- [STUDY MATERIAL]

==*==

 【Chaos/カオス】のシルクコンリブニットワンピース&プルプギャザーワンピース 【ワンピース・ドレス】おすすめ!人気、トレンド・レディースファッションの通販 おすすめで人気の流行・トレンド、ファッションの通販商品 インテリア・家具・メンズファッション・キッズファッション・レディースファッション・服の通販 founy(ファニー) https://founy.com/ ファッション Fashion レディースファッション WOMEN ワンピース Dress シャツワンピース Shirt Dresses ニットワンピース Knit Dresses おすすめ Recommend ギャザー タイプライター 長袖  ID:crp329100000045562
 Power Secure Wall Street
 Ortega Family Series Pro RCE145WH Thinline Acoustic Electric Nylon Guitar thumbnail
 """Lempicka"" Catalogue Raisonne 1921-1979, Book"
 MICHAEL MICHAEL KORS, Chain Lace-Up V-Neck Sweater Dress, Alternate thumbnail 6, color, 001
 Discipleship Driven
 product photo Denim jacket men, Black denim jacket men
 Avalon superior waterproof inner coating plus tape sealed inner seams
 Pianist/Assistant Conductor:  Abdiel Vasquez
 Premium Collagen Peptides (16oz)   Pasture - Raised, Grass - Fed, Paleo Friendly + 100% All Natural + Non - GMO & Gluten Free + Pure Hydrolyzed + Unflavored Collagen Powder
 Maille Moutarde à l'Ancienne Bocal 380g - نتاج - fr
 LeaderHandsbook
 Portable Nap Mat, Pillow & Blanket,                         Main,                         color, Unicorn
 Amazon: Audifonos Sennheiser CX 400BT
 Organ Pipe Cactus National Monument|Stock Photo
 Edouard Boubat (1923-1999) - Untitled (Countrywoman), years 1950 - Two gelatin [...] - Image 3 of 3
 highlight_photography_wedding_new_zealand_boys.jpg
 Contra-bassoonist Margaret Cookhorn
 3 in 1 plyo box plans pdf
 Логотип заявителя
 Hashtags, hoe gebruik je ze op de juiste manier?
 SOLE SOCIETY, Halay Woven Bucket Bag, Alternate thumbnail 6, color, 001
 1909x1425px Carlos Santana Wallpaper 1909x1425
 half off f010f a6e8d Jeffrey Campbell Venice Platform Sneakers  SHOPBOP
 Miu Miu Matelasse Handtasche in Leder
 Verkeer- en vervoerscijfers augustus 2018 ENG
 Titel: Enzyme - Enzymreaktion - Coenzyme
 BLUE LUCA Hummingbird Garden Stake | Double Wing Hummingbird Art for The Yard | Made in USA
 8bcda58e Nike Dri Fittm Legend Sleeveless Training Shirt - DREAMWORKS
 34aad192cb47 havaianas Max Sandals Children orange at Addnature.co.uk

==*==

- [ACTIVITY] Begin at the top of the records above and quote each line exactly, ending with the line that contains "Ortega Family Series".

- [WRITTEN SOLUTION]
 【Chaos/カオス】のシルクコンリブニットワンピース&プルプギャザーワンピース 【ワンピース・ドレス】おすすめ!人気、トレンド・レディースファッションの通販 おすすめで人気の流行・トレンド、ファッションの通販商品 インテリア・家具・メンズファッション・キッズファッション・レディースファッション・服の通販 founy(ファニー) https://founy.com/ ファッション Fashion レディースファッション WOMEN ワンピース Dress シャツワンピース Shirt Dresses ニットワンピース Knit Dresses おすすめ Recommend ギャザー タイプライター 長袖  ID:crp329100000045562
 Power Secure Wall Street
 Ortega Family Series Pro RCE145WH Thinline Acoustic Electric Nylon Guitar thumbnail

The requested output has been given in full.